A couple of examples of how you could do that is to, first, be able to focus on a new industry, so perhaps an industry that previously wasn’t struggling or didn’t previously have a need or a pain point.
The second would be to consider your business model and get creative with it. For example, if it’s not a case of cash up front as it previously was or locking your client into three-year terms, consider how you can be more flexible – move them on to a payment plan or perhaps shorter contract terms.
Ultimately, if you can build that customer loyalty and help them get through COVID, that is more valuable than just being able to stick to the way that you’ve always done things.

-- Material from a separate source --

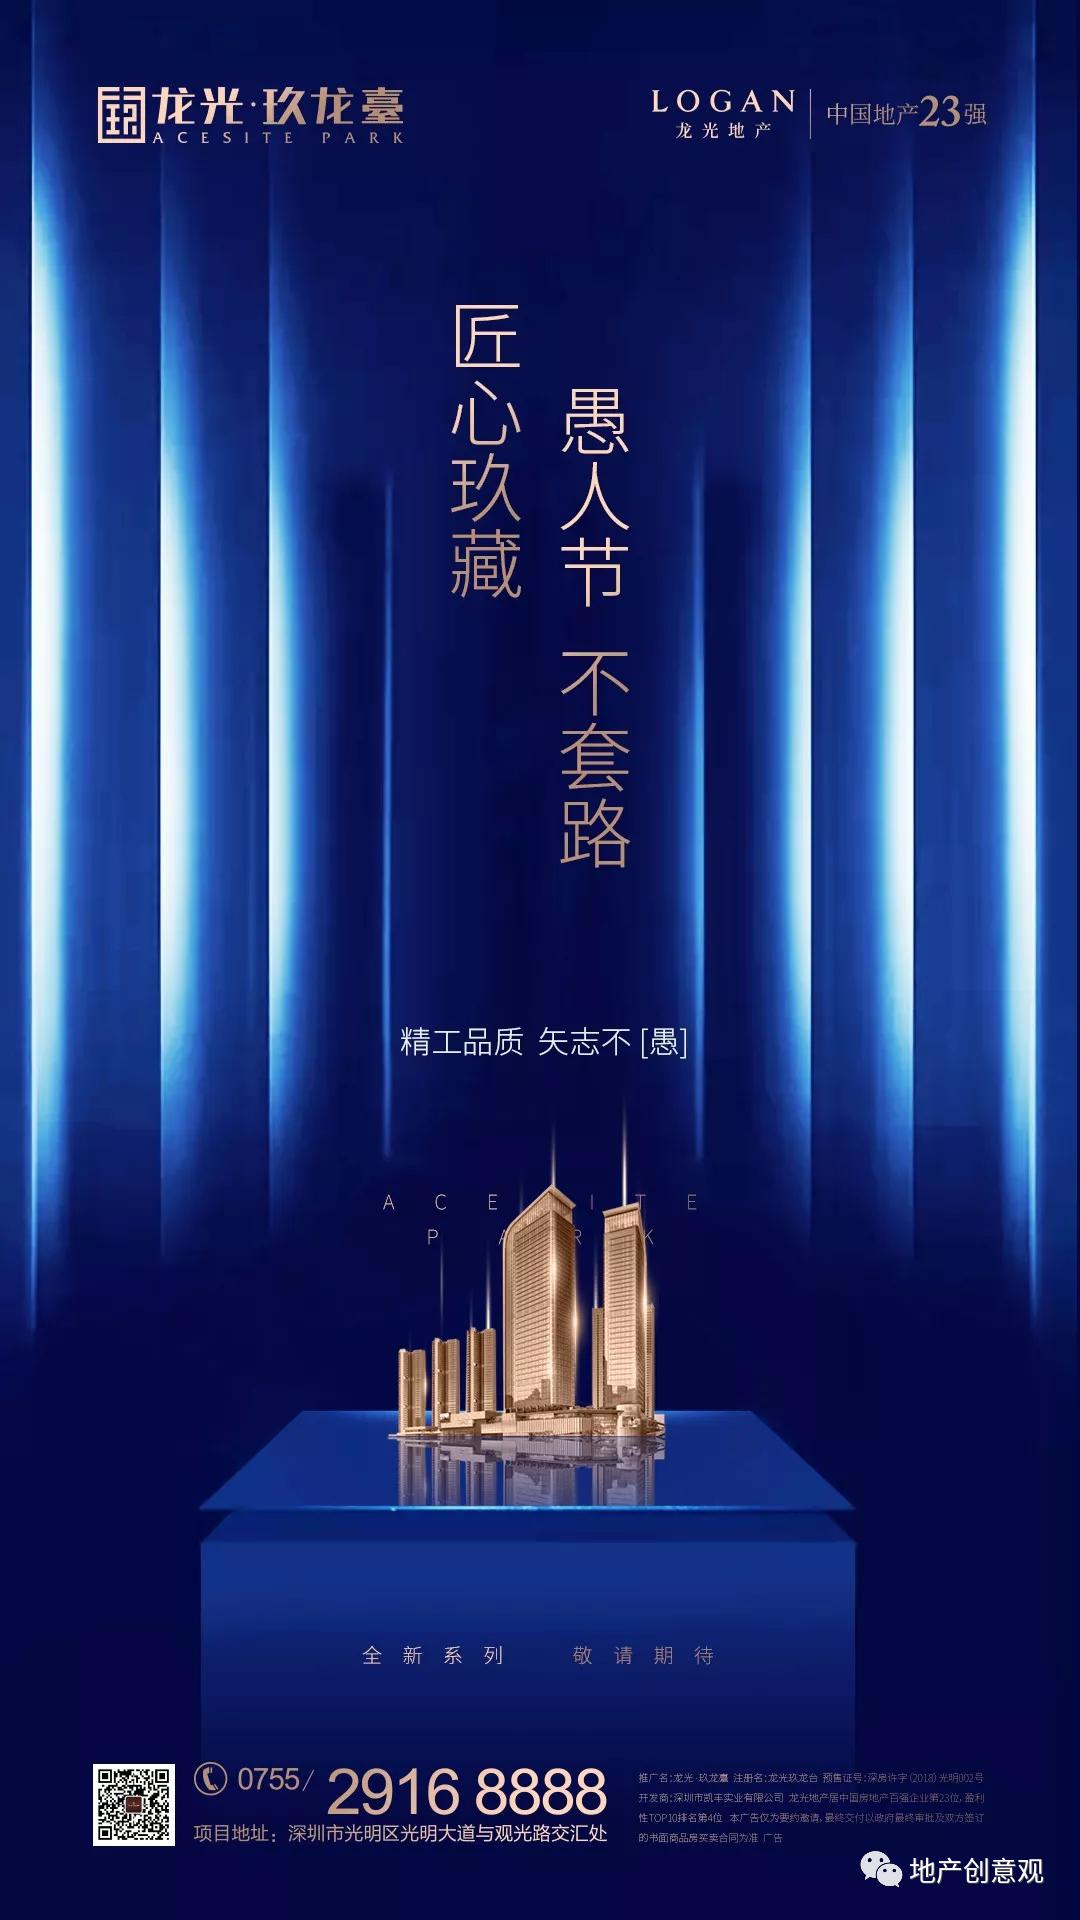 地产广告丨2021愚人节借势海报文案欣赏~插图17

The third thing is marketing. Consider how everything is completely digital, how you’re going to stand out in the digital space, and the cost that is associated with that. Hiring is key, too – with remote hiring, it means that you suddenly have access to a far wider pool of talent. All of these elements are opportunities to capitalise on.
There’s a huge amount of dry powder in the market and VCs are still investing. I wouldn’t let COVID stop a founder from getting in touch with a VC. All I would say is, perhaps, get in touch a little bit earlier than you otherwise would, because VCs might be focused on portfolio companies as more companies might be coming to them for bridge funding. There is just a lot more volume.
In order to start building that relationship early, I would suggest having virtual chats over coffee with investors on a regular basis rather than having an official opening for your round post-COVID.
Jeevan Sunner is associate at Playfair Capital.